• _SUPPLIED DATA_
═══

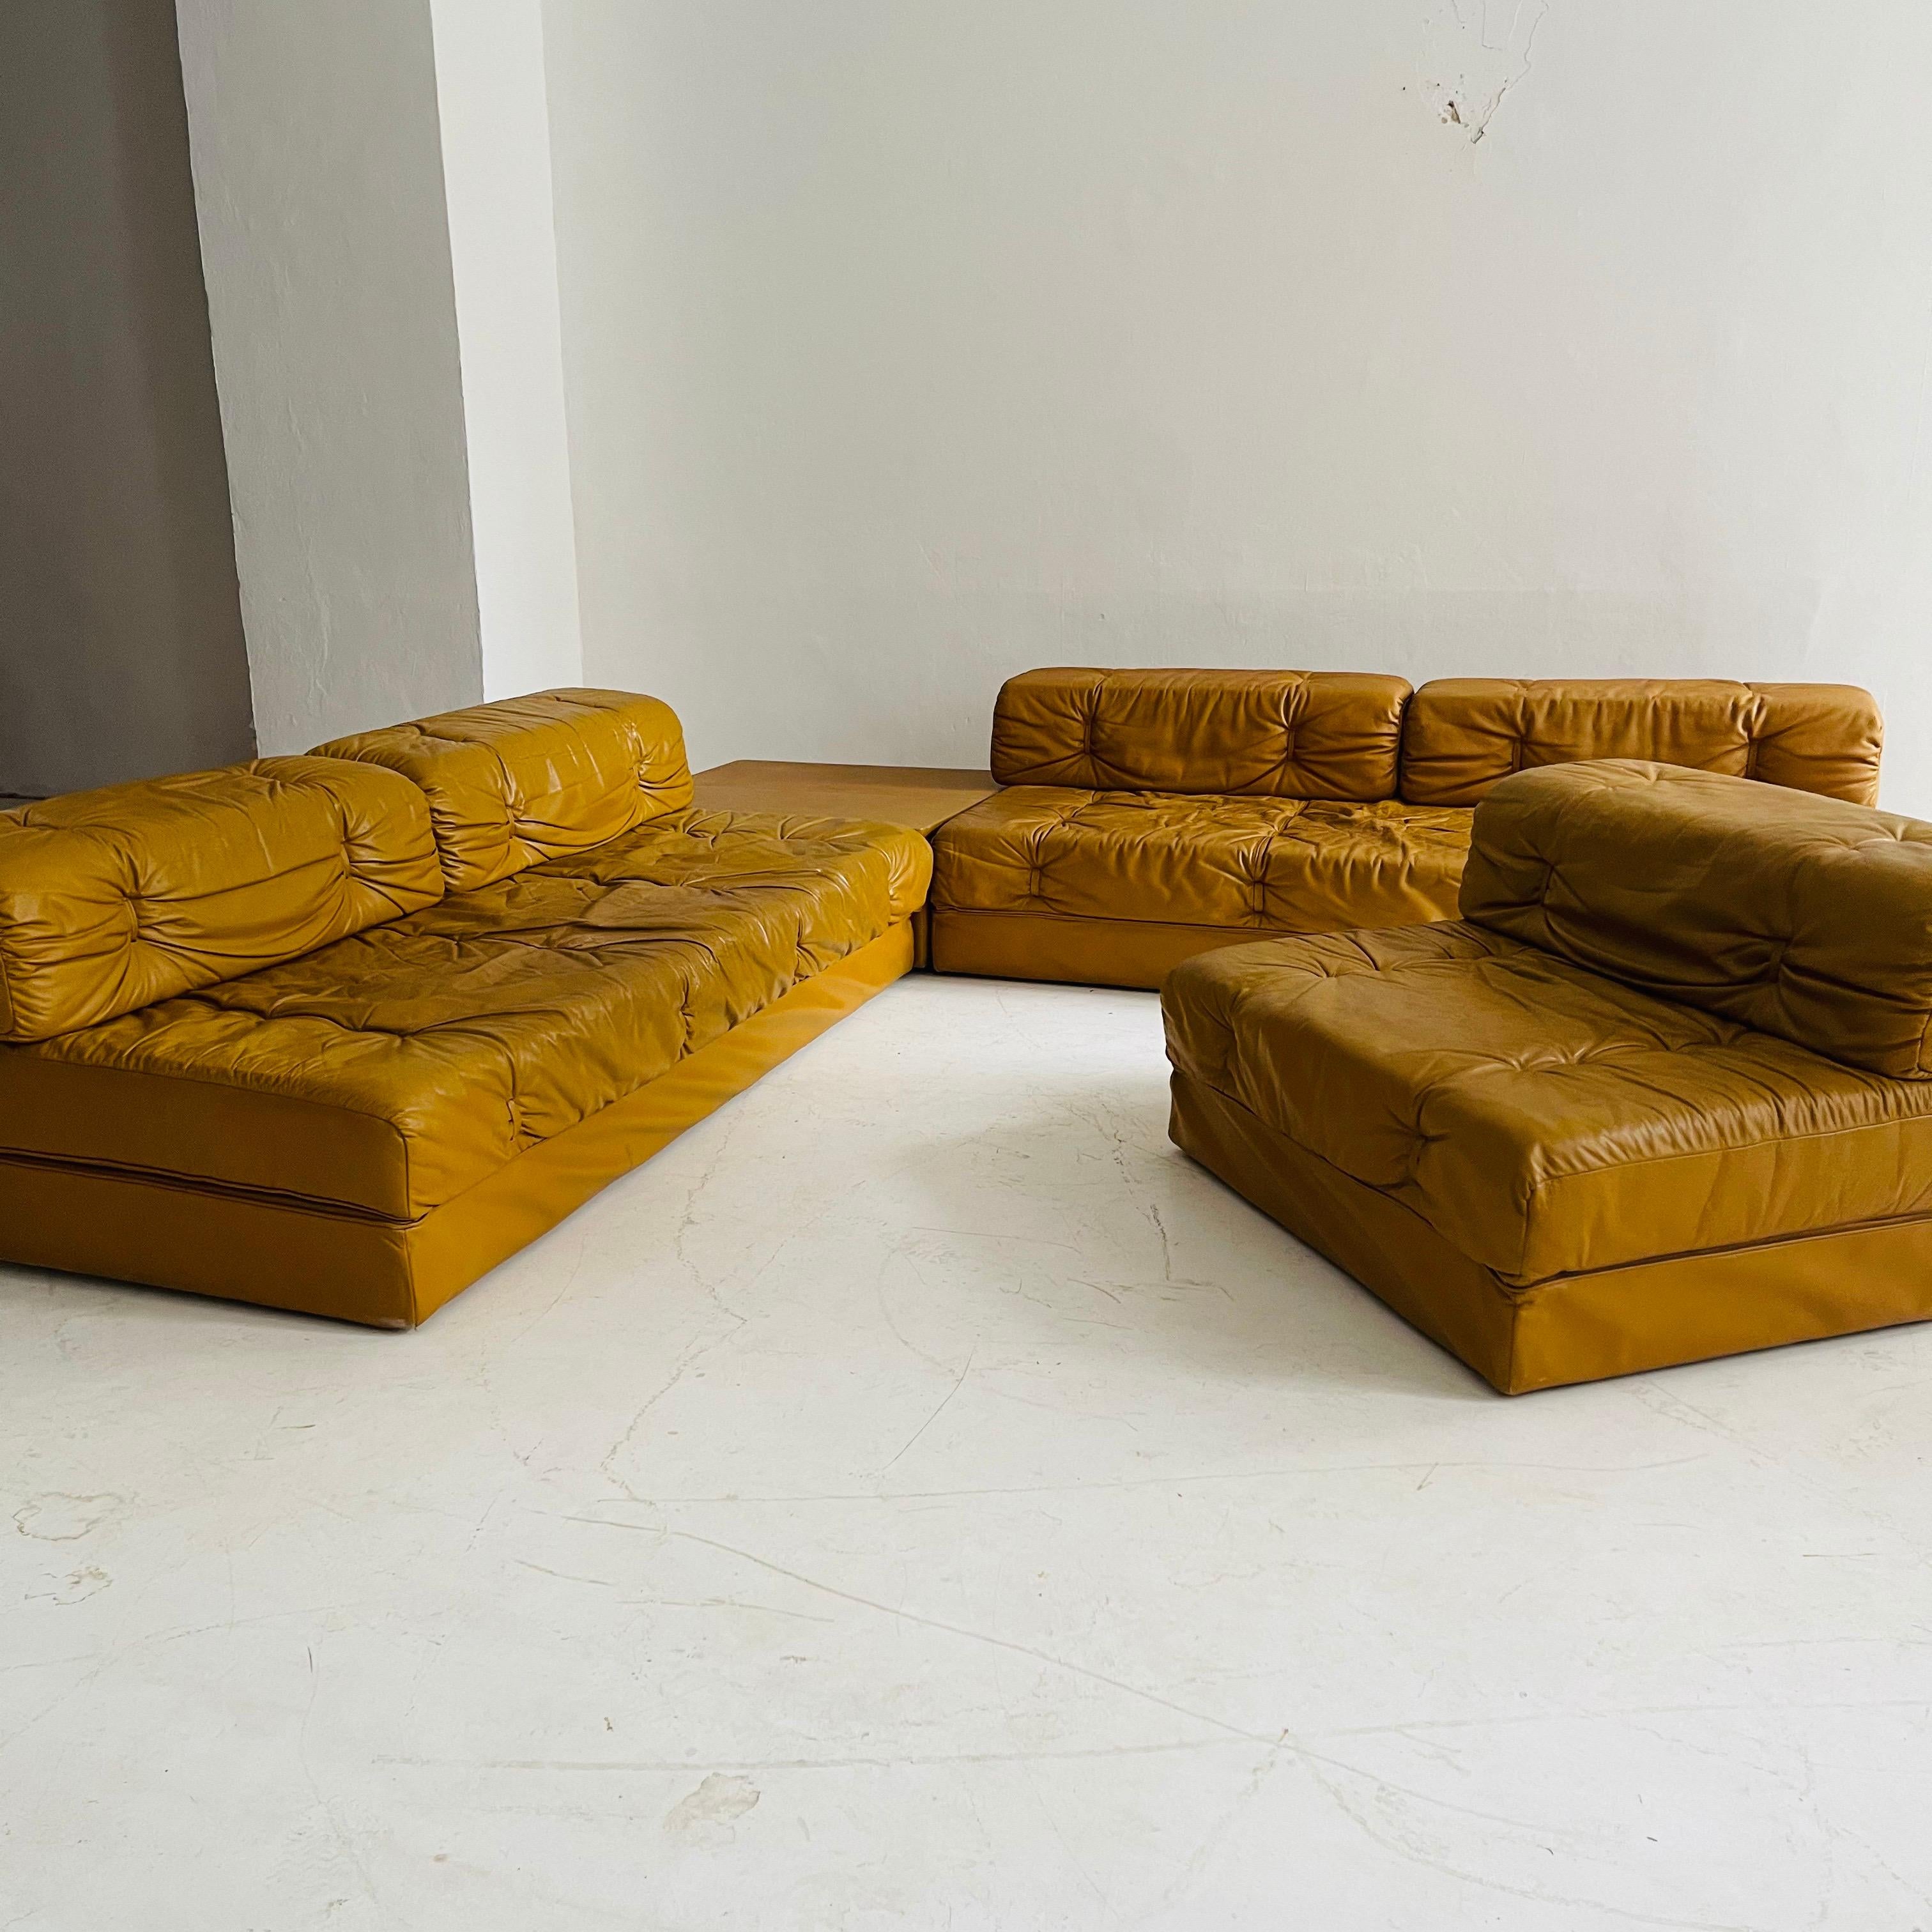 Wittmann Atrium Cognac Leather Living Room Suite Sofa Daybeds, Austria, 1970s For Sale 9
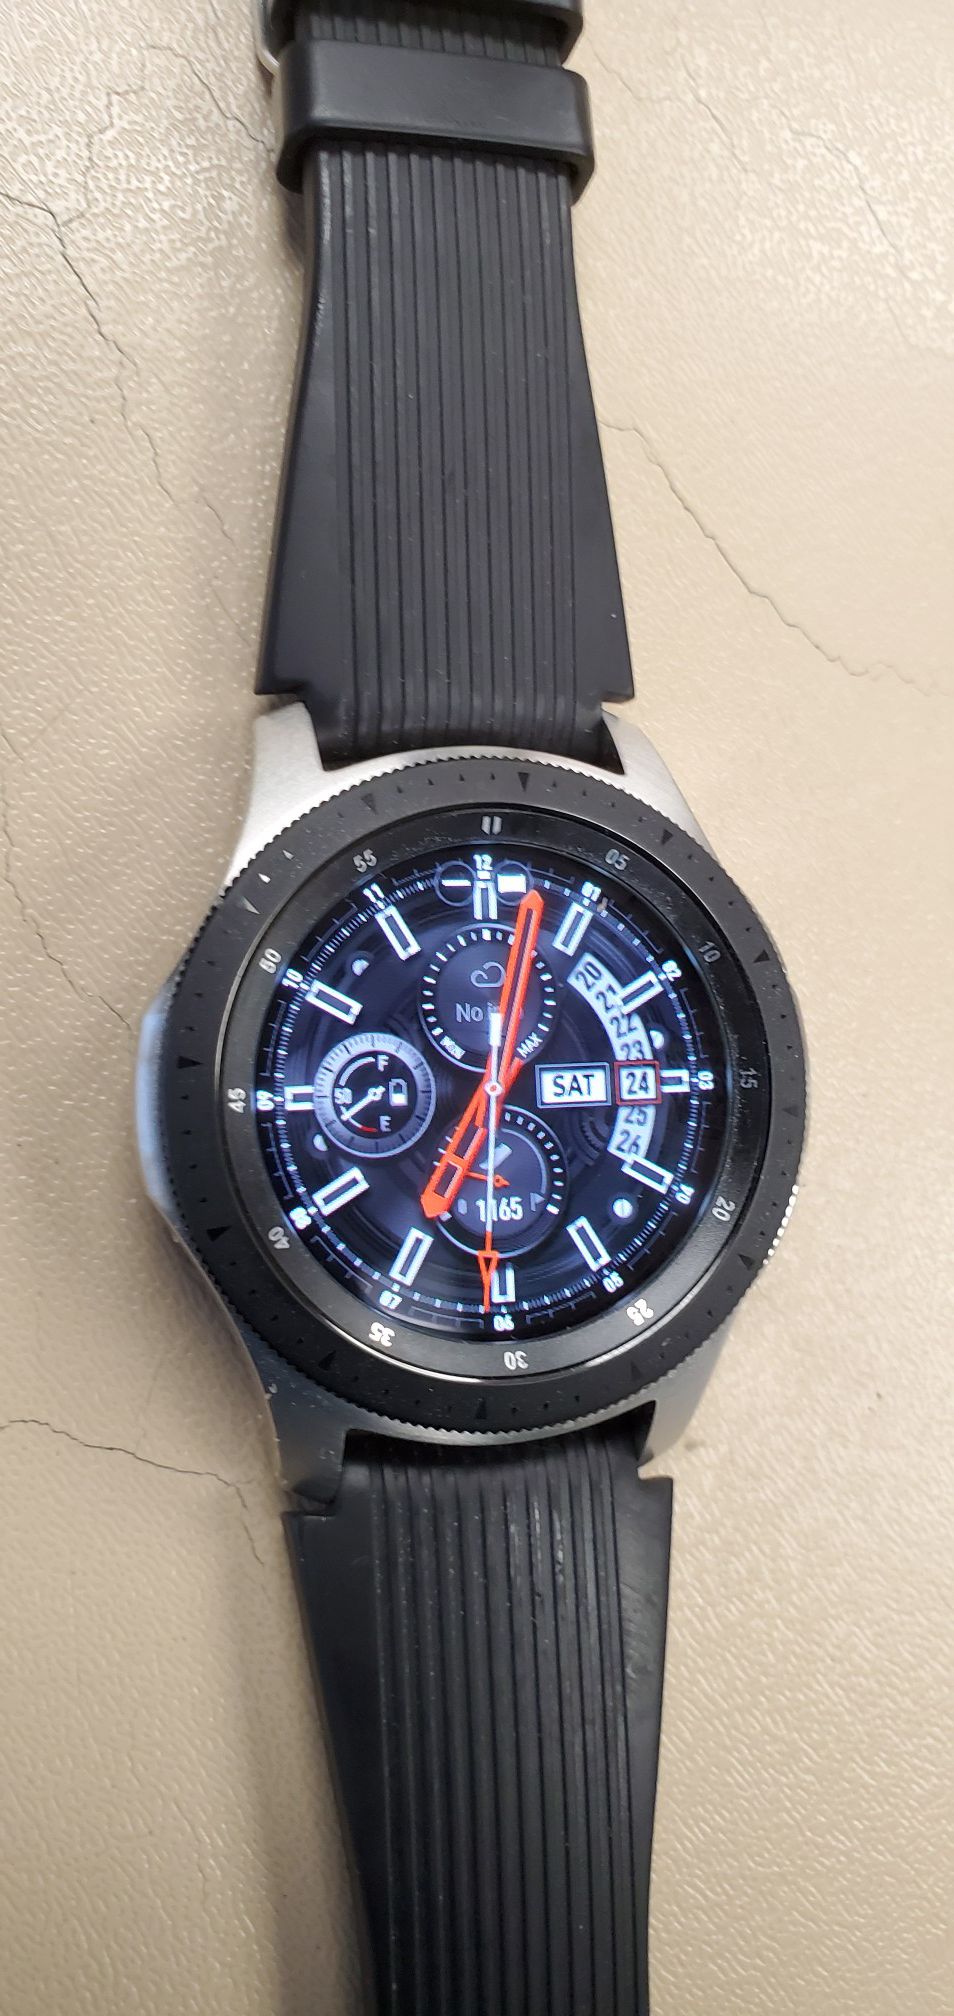 Samsung Galaxy watch 46mm bluetooth +LTE
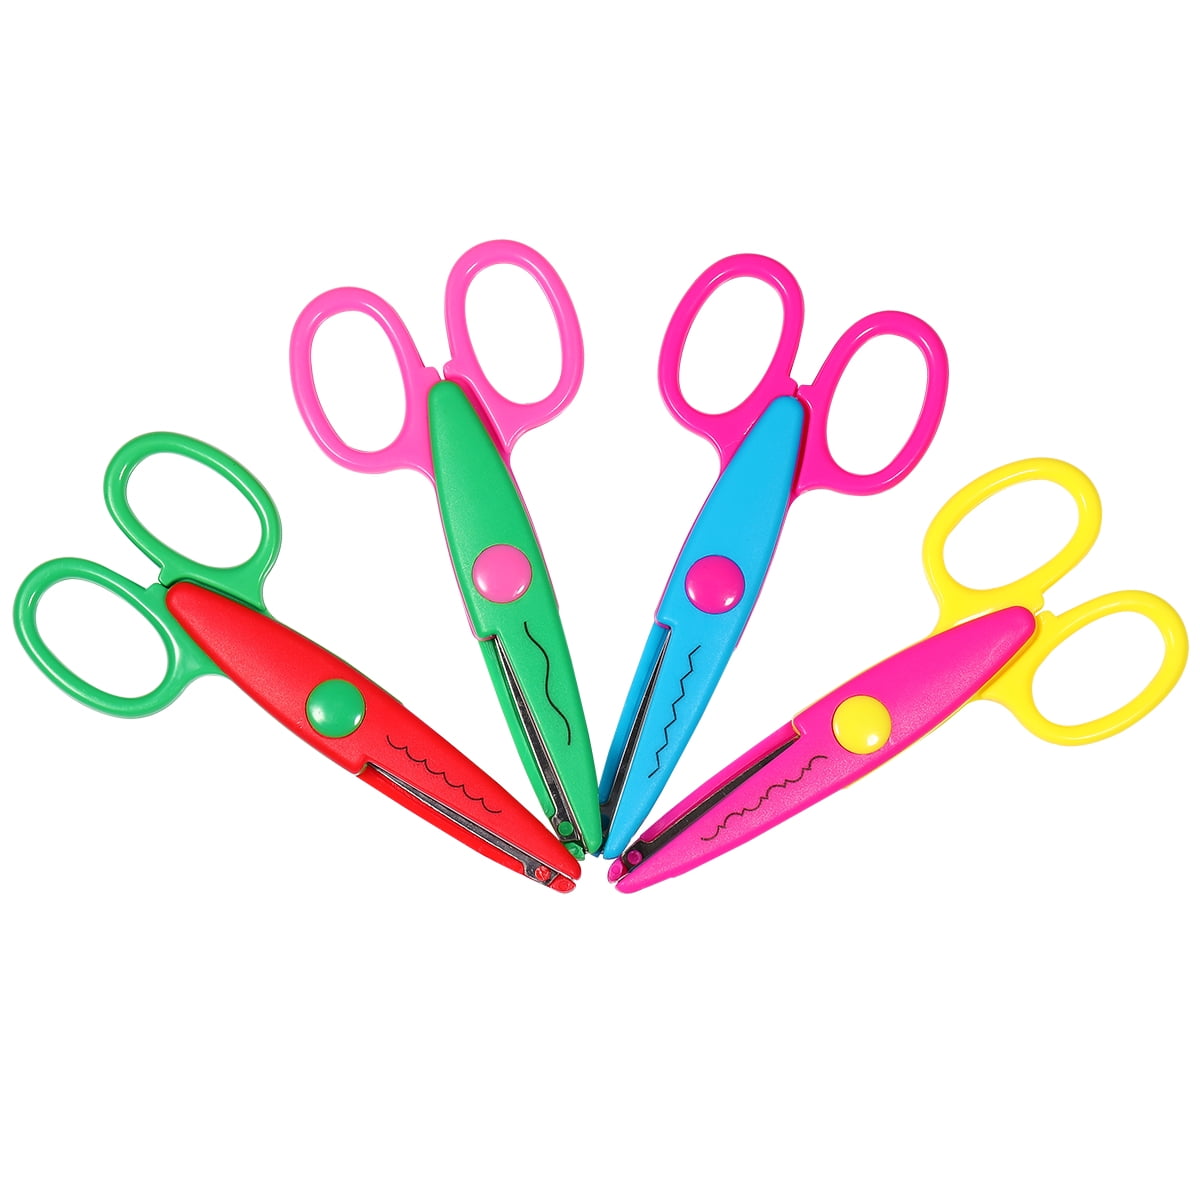 6 inch Left/Right Handed Kids Scissors, Safety Blunt Tip Toddler Scissors Stainl

═══

• _YOUR ASSIGNMENT_
When you transcribe the lines above, keep every word exact but leave the pictures behind.

• _RESPONSE TO THIS EXERCISE_
 Wittmann Atrium Cognac Leather Living Room Suite Sofa Daybeds, Austria, 1970s For Sale 9
 Samsung Galaxy watch 46mm bluetooth +LTE
 6 inch Left/Right Handed Kids Scissors, Safety Blunt Tip Toddler Scissors Stainl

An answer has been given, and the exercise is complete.